Guardó la fotografía en un bolsillo y se fue poniendo el sobretodo mientras Sociales salía fumando de su garita de vidrio con un abanico de papeles en la mano.
– -Hola --dijo ella--, ya me ve, a estas horas recién termina el sarao.
Risso la miraba desde arriba. El pelo claro, teñido, las arrugas del cuello, la papada que caía redonda y puntiaguda como un pequeño vientre, las diminutas, excesivas alegrías que le adornaban las ropas. “Es una mujer, también ella. Ahora le miro el pañuelo rojo en la garganta, las uñas violentas en los dedos viejos y sucios de tabaco, los anillos y pulseras, el vestido que le dio en pago un modisto y no un amante, los tacos interminables tal vez torcidos, la curva triste de la boca, el entusiasmo casi frenético que le impone a las sonrisas. Todo va a ser más fácil si me convenzo de que también ella es una mujer”.
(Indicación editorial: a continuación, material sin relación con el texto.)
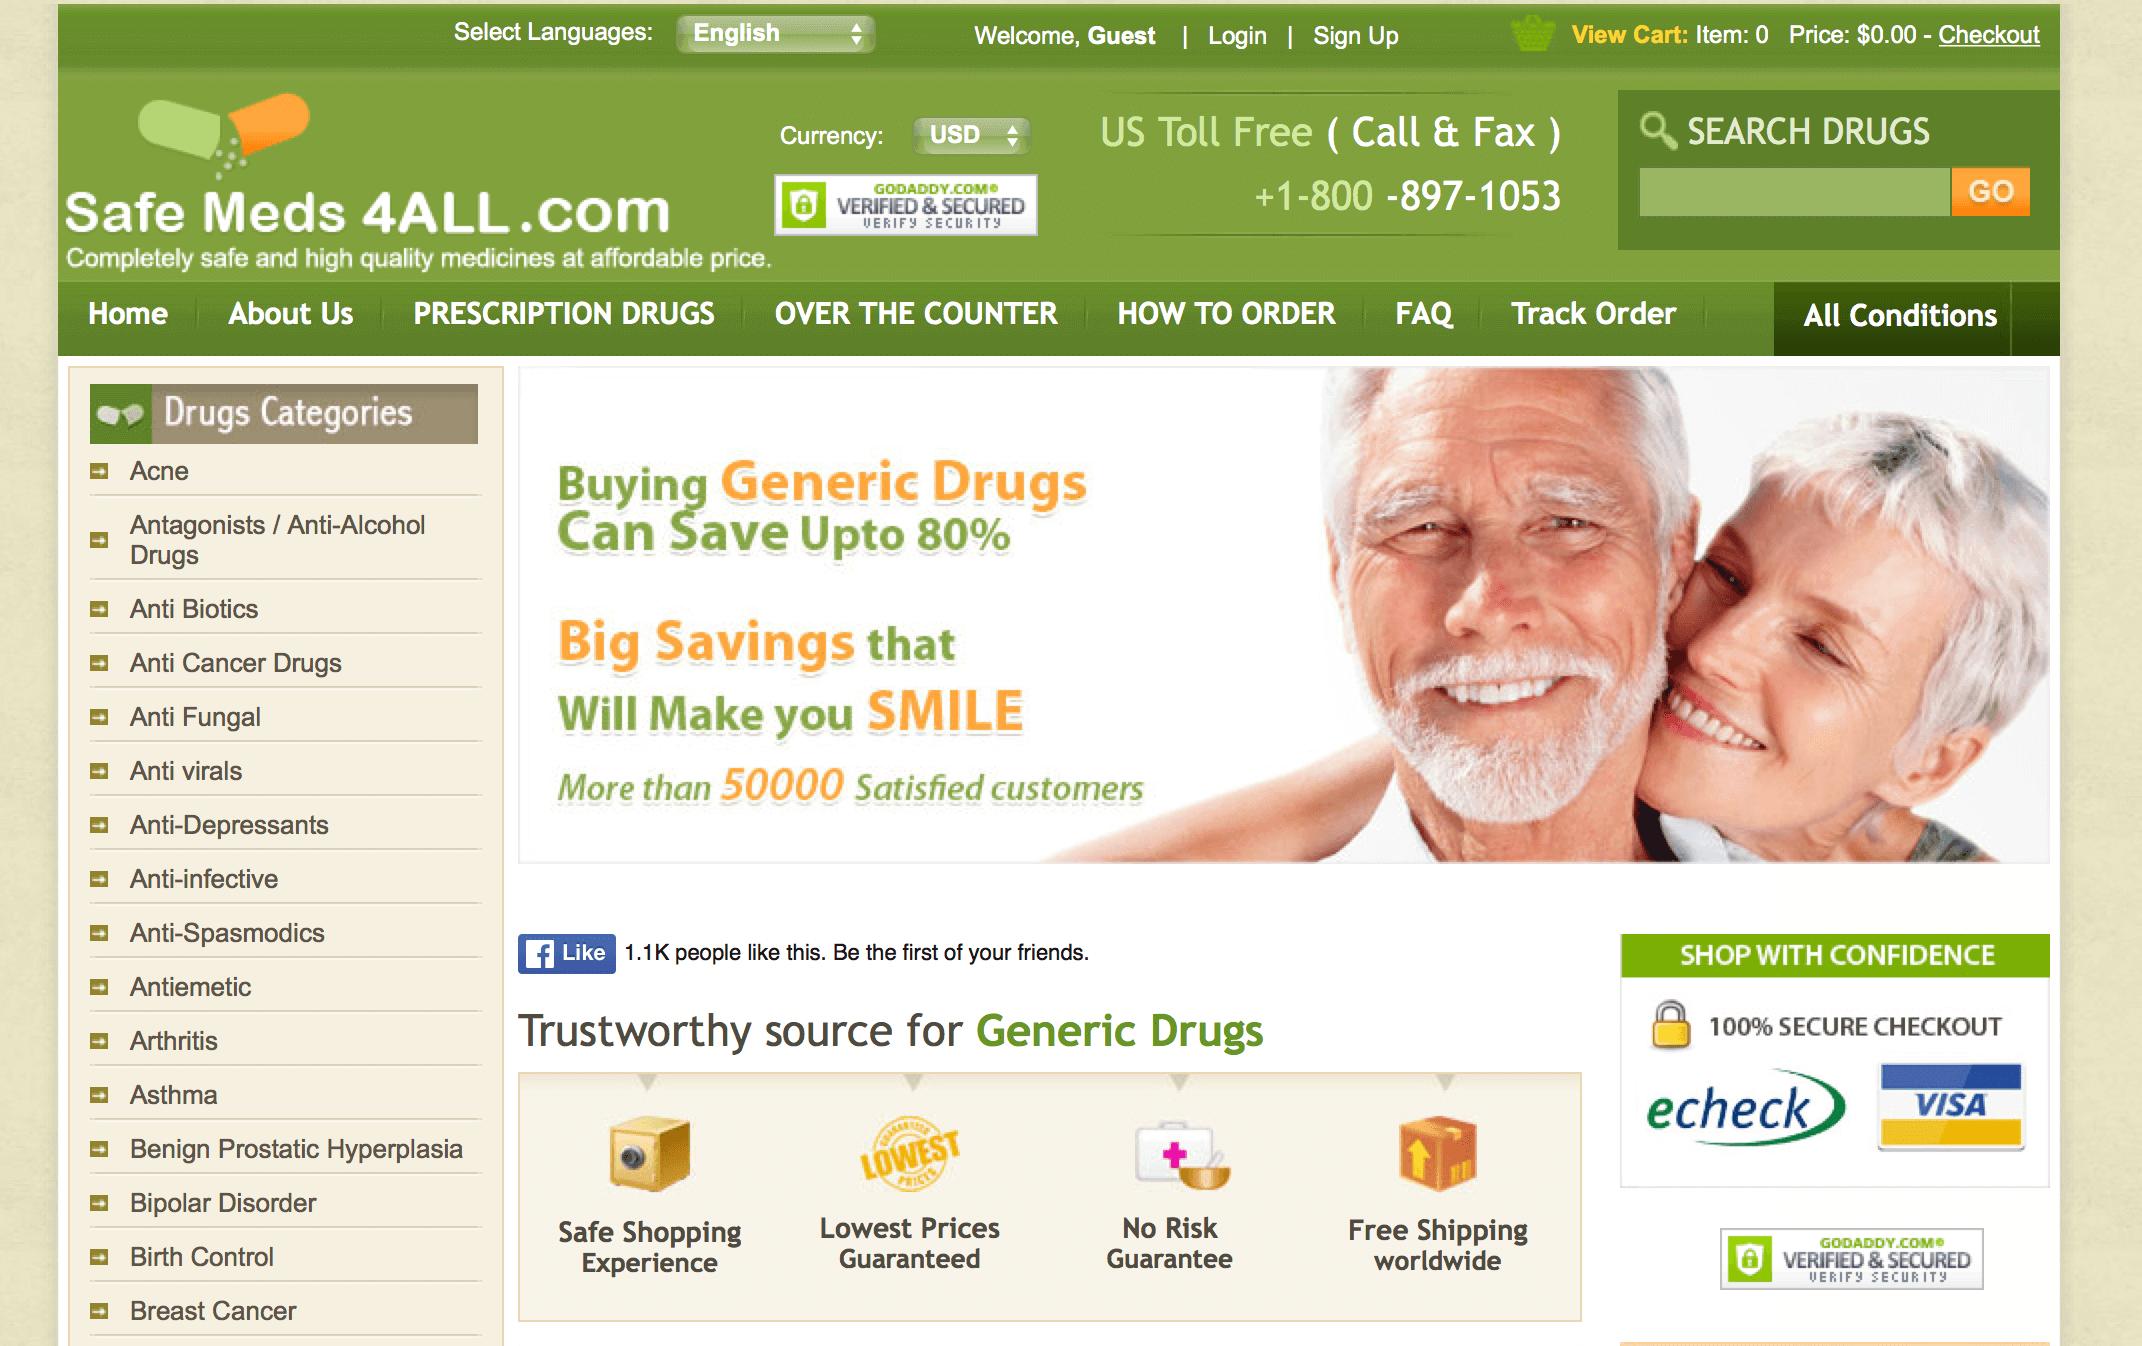 SafeMeds4all.com Pharmacy Review
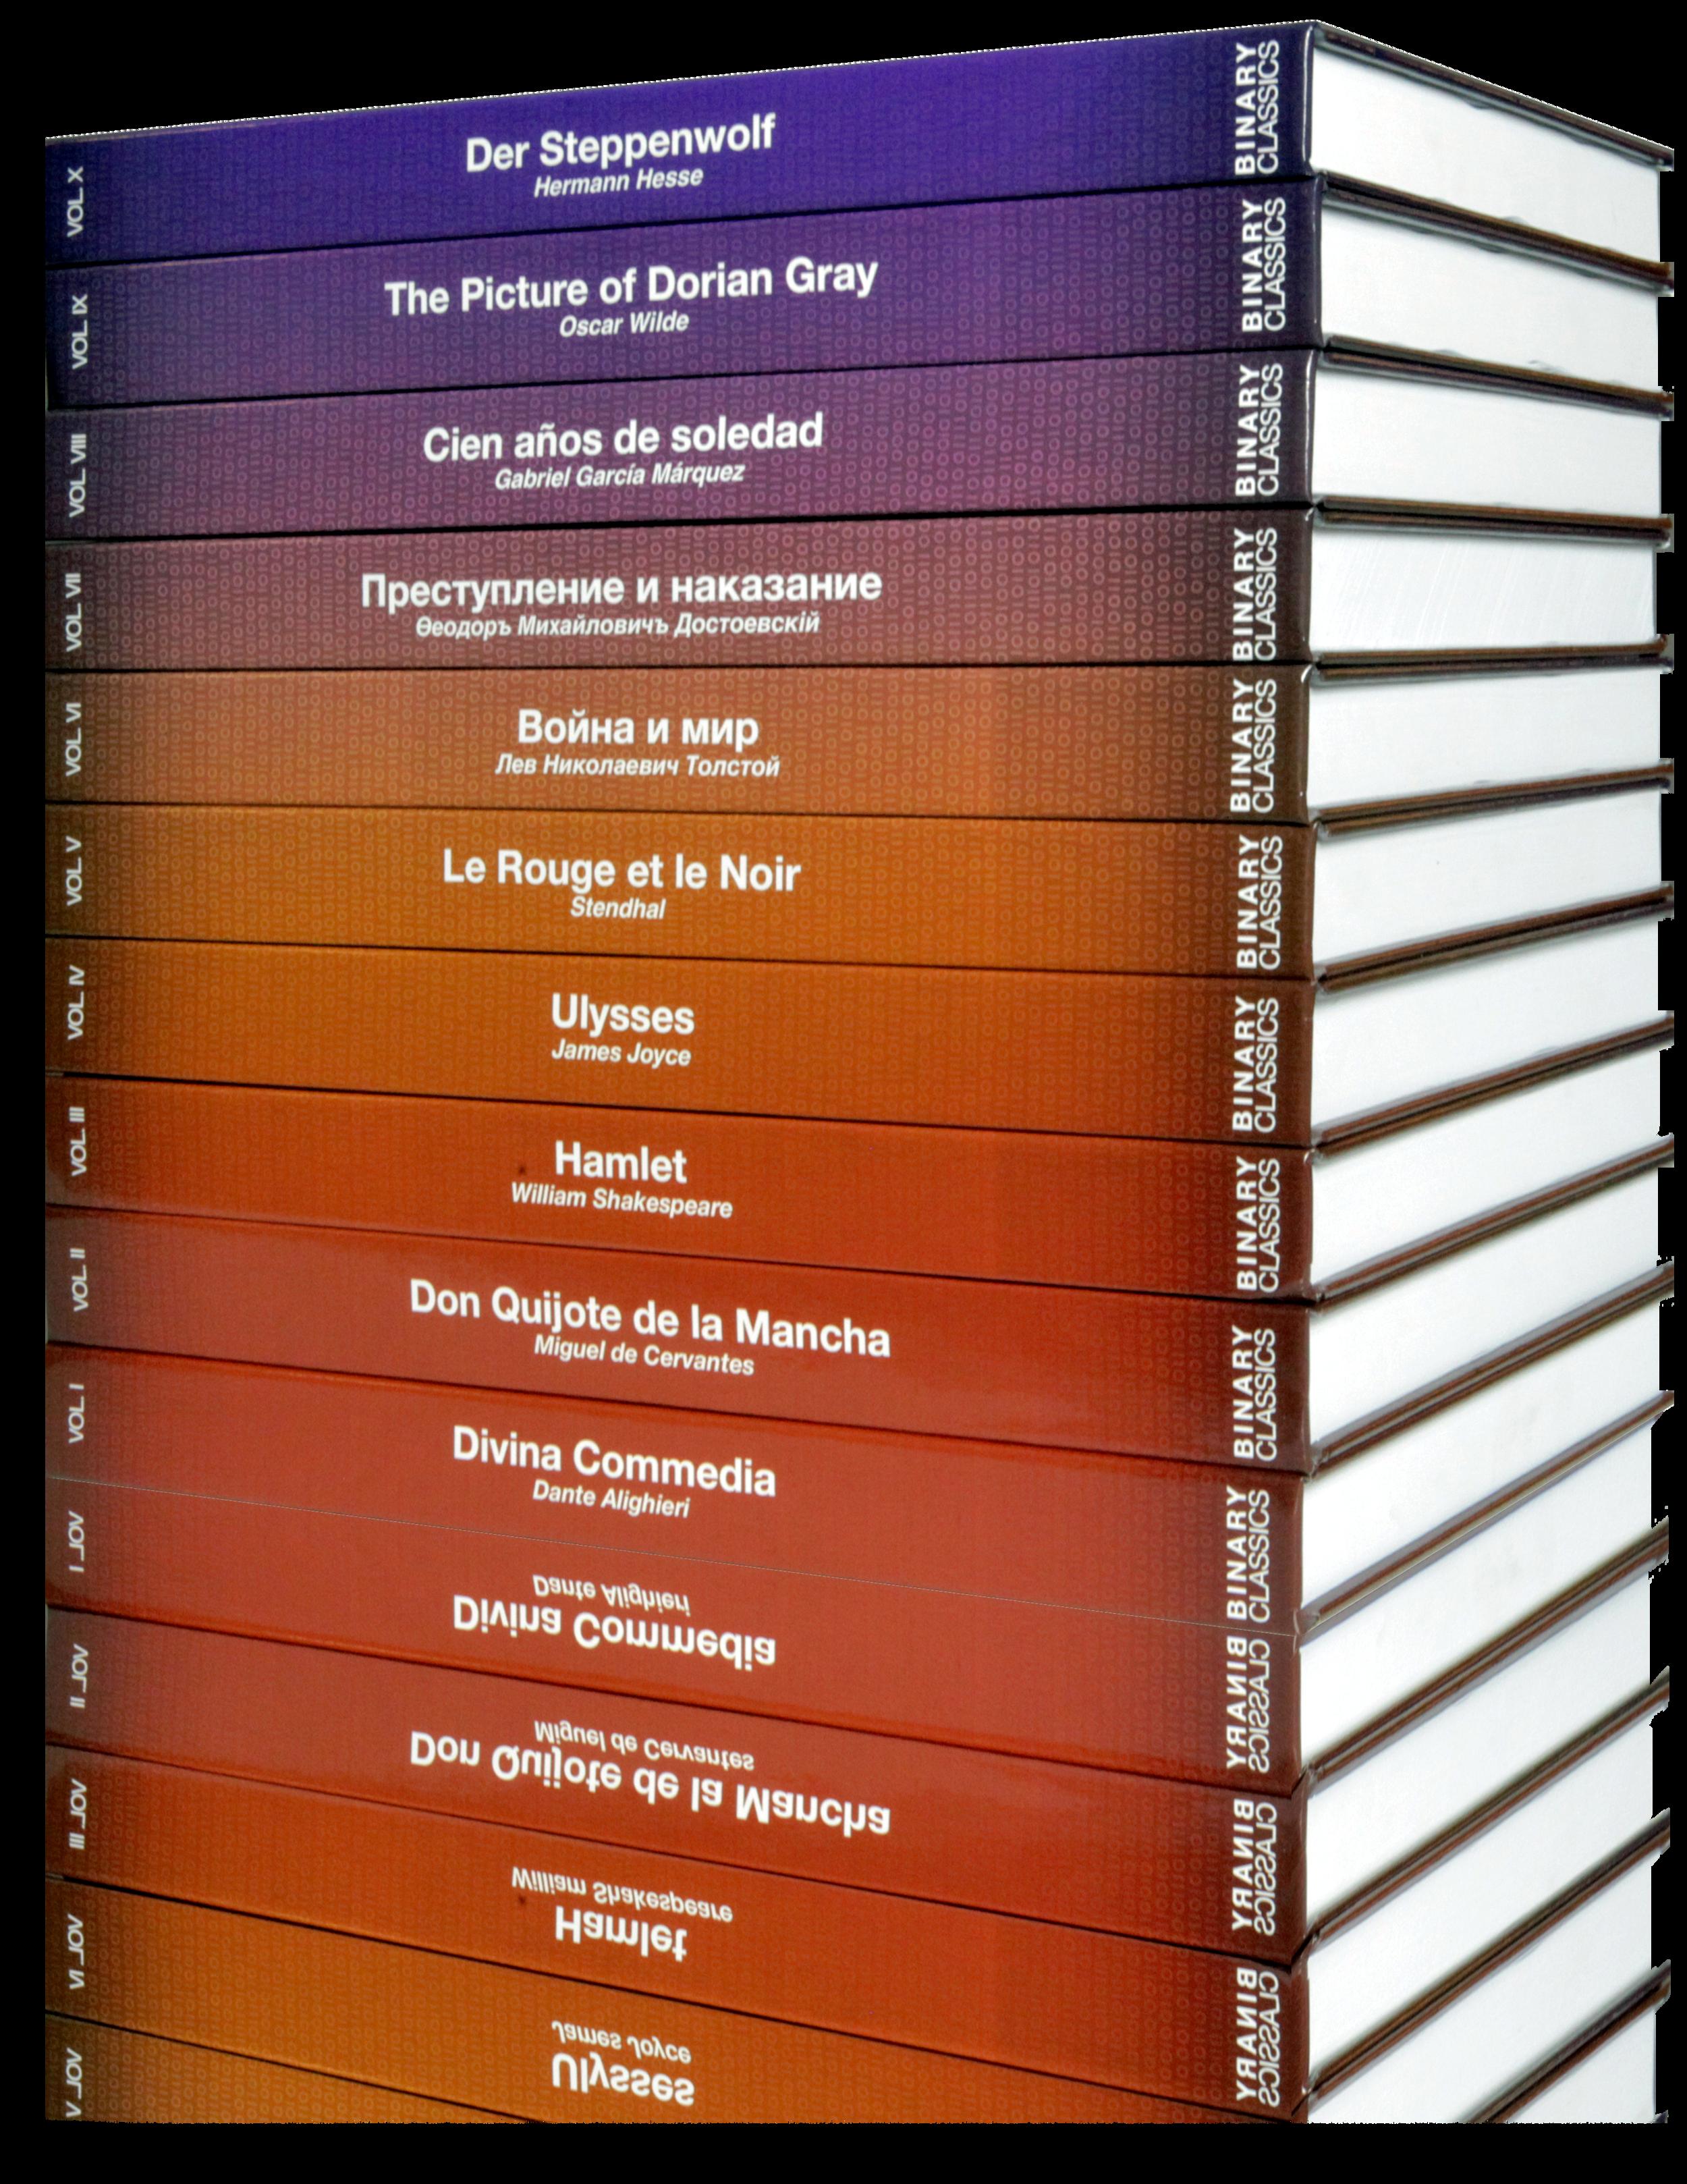 ENciclopedia_10 copia.png

– Parece una cosa hecha por gusto, planeada. Cuando yo llego usted se va, como si siempre me estuviera disparando. Hace un frío de polo afuera. Me dejan el material como me habían prometido, pero ni siquiera un nombre, un epígrafe. Adivine, equivóquese, publique un disparate fantástico. No conozco más nombres que el de los contrayentes y gracias a Dios. Abundancia y mal gusto, eso es lo que había. Agasajaron a sus amistades con una brillante recepción en casa de los padres de la novia. Ya nadie bien se casa en sábado. Prepárese, viene un frío de polo desde la rambla.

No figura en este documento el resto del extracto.